Worry not my friends, this site is Legit. I just bought 2 PSN cards worth $10 USD. It was sent to me almost immediately. Very nice. It just needs the whole Phone and Email verification stuff things.

EDIT: Ok, maybe not so good. There's a $1.99 fee for activation. :\


----------



## Xenon Hacks (Sep 2, 2015)

nodnyl10 said:


> Hi guys, I'm planning to buy PSN cards in this website. I just wanna know before I do the honors, is this site trusted? I mean, this is my first time buying online and I wanna make sure my first purchase wouldn't be a botch or a fake. Thanks.
> 
> www.pcgamesupply.com/buygames/sony-playstation-network-cards/US-Region/


amazon.com / bestbuy.com / walmart.com / newegg.com


----------



## nodnyl10 (Sep 2, 2015)

Umm, please, I wanna know the website I linked. I know Amazon and the likes are trusted but, what about the one I gave? I'm really sorry for this.


----------



## nodnyl10 (Sep 2, 2015)

Sorry for double-posting. I just tried ordering to Amazon but I can't because I'm not from the US.


----------



## Xenon Hacks (Sep 2, 2015)

nodnyl10 said:


> Umm, please, I wanna know the website I linked. I know Amazon and the likes are trusted but, what about the one I gave? I'm really sorry for this.

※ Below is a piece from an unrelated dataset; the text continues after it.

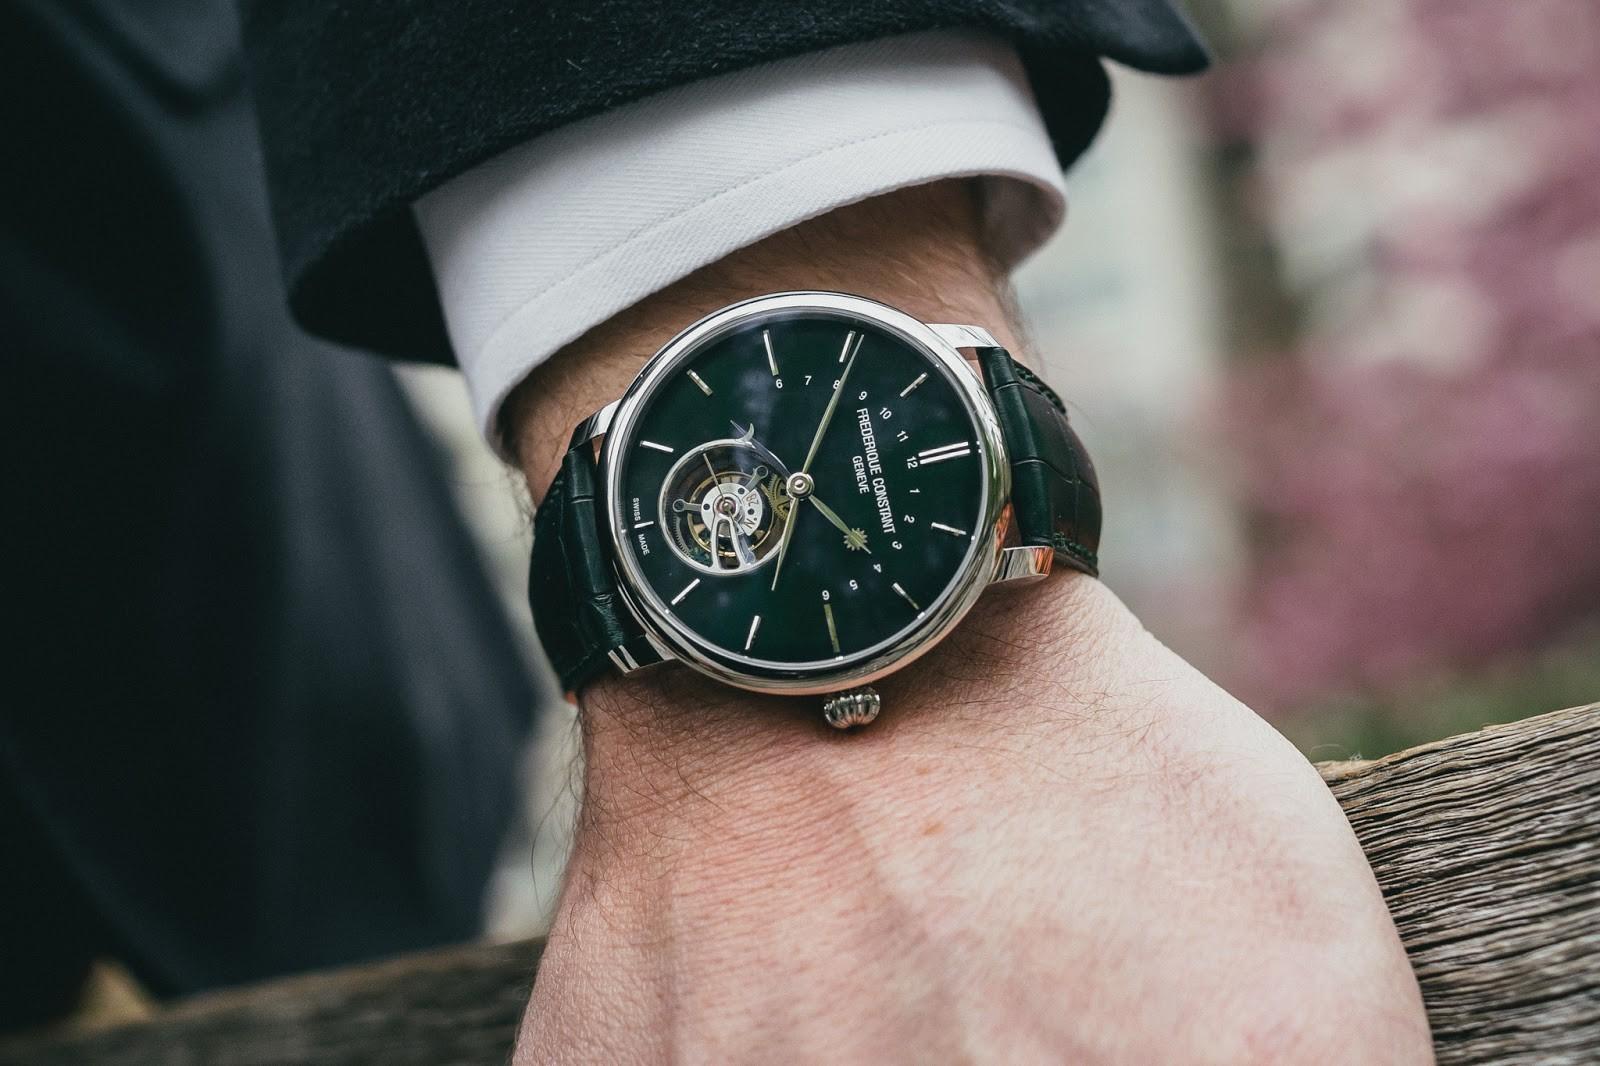 giá đồng hồ Frederique Constant chính hãng
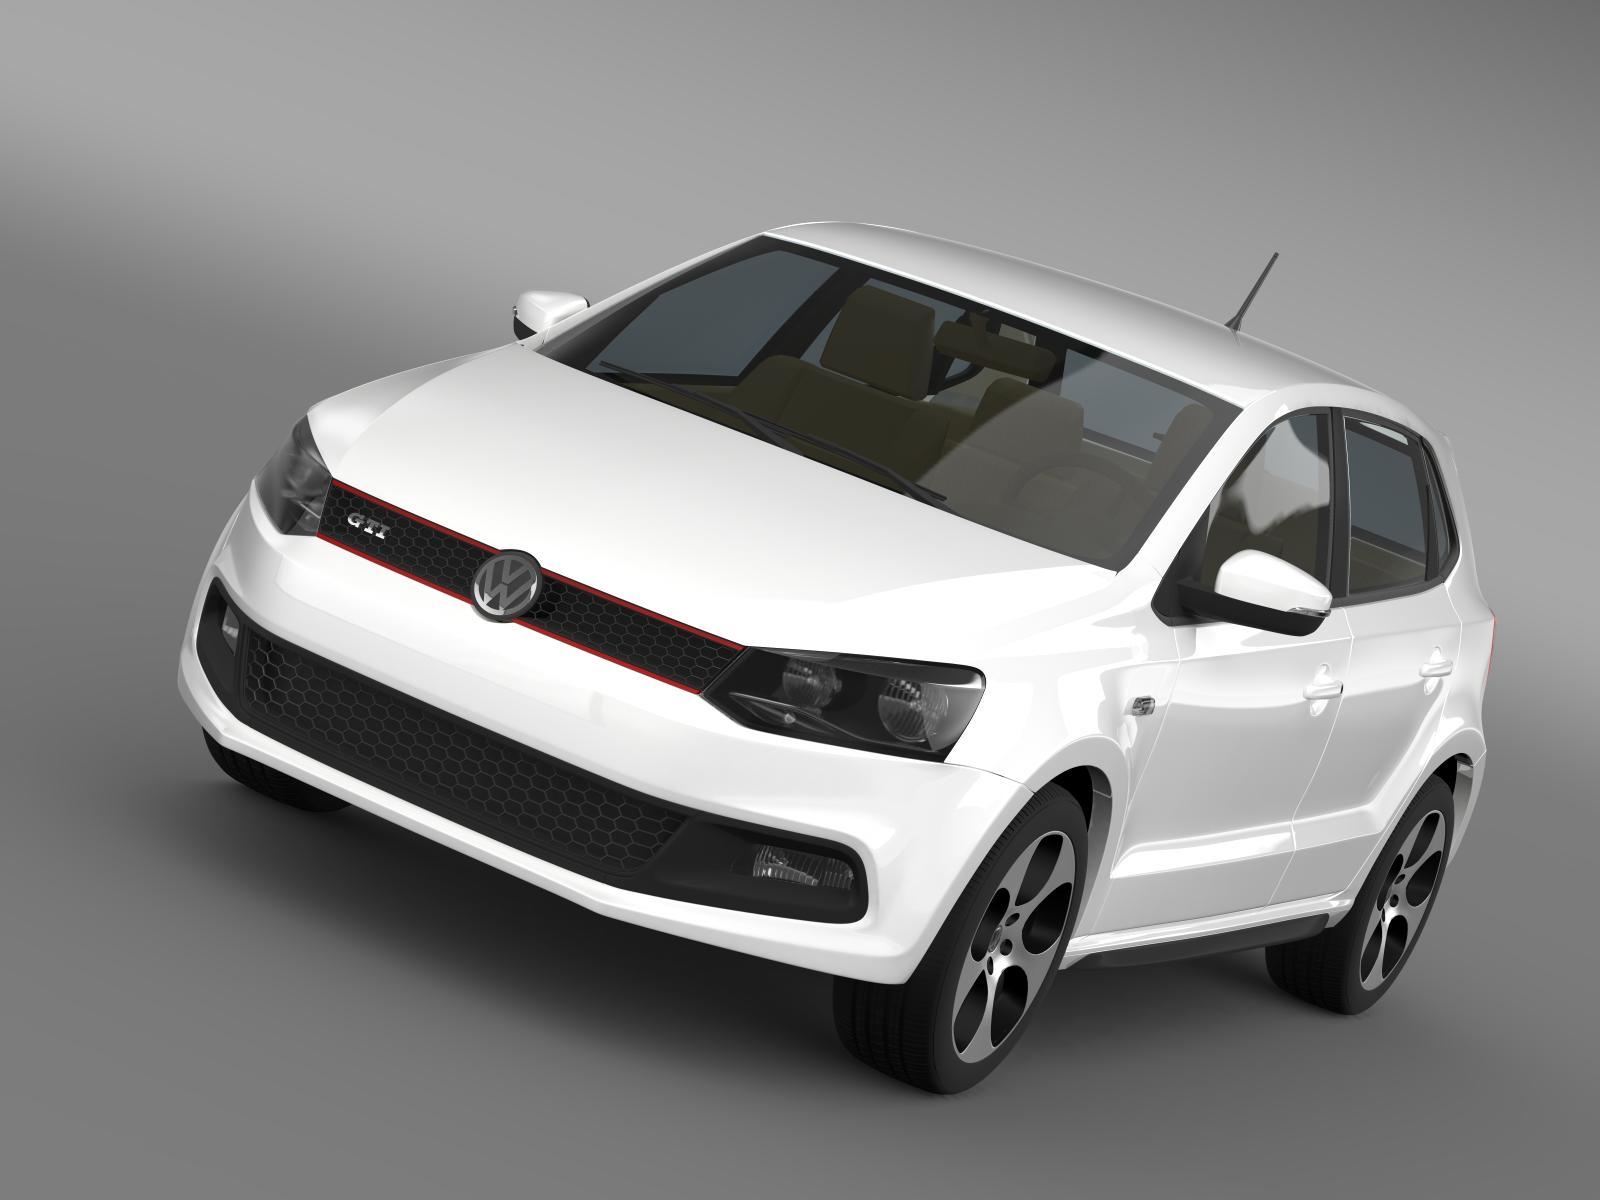 Volkswagen polo gti 5d 2009-2013 3d líkan 3ds hámark fbx c4d lwo ma mb hrc xsi obj 161981

If your asking it probably isnt


----------



## Megaben99 (Sep 2, 2015)

Your looking for a NA PSN Card? Why not find a good feedback seller on eBay and have them e-mail you the code? Most are willing to e-deliver, and if you are using PayPal you should have some protection.


----------



## nodnyl10 (Sep 2, 2015)

This is actually my first time buying online. I'm looking for the "You buy online, they send you the code via email" sort of thing because, as you can see, I live in the Philippines, so I want it to be as quick as possible without any processes to do.


----------



## Megaben99 (Sep 2, 2015)

The site you found seems to offer that, but I am not familiar with them. I guess you can try a small card, like $10 and see what happens before you make a larger purchase.


----------



## Xenon Hacks (Sep 2, 2015)

^ this also you're protected by paypal.


----------



## nodnyl10 (Sep 2, 2015)

Well, I guess we'll never know unless we try. I'll try the $10 for now. Let's stay positive and wish me luck. I'll post feedback and such here too so just in case someone else wants to buy, they'll know what PCGameSupply is.


----------



## nodnyl10 (Sep 2, 2015)

Confirmed guys.. this is legit. Although there's just some stuffs to worry (check first post).


----------



## Megaben99 (Sep 2, 2015)

Fee to activate what?


----------



## nodnyl10 (Sep 2, 2015)

The card. To activate I mean to have the card be given to you. I guess or I think it's some kinda extra fee for being fast or being reliable via email sending. I forgot the description my friend made. But nonetheless I'm somewhat satisfied this turned out to be legit.


----------



## Megaben99 (Sep 2, 2015)

Glad you didn't get scammed.


----------



## nodnyl10 (Sep 2, 2015)

Thank you.


----------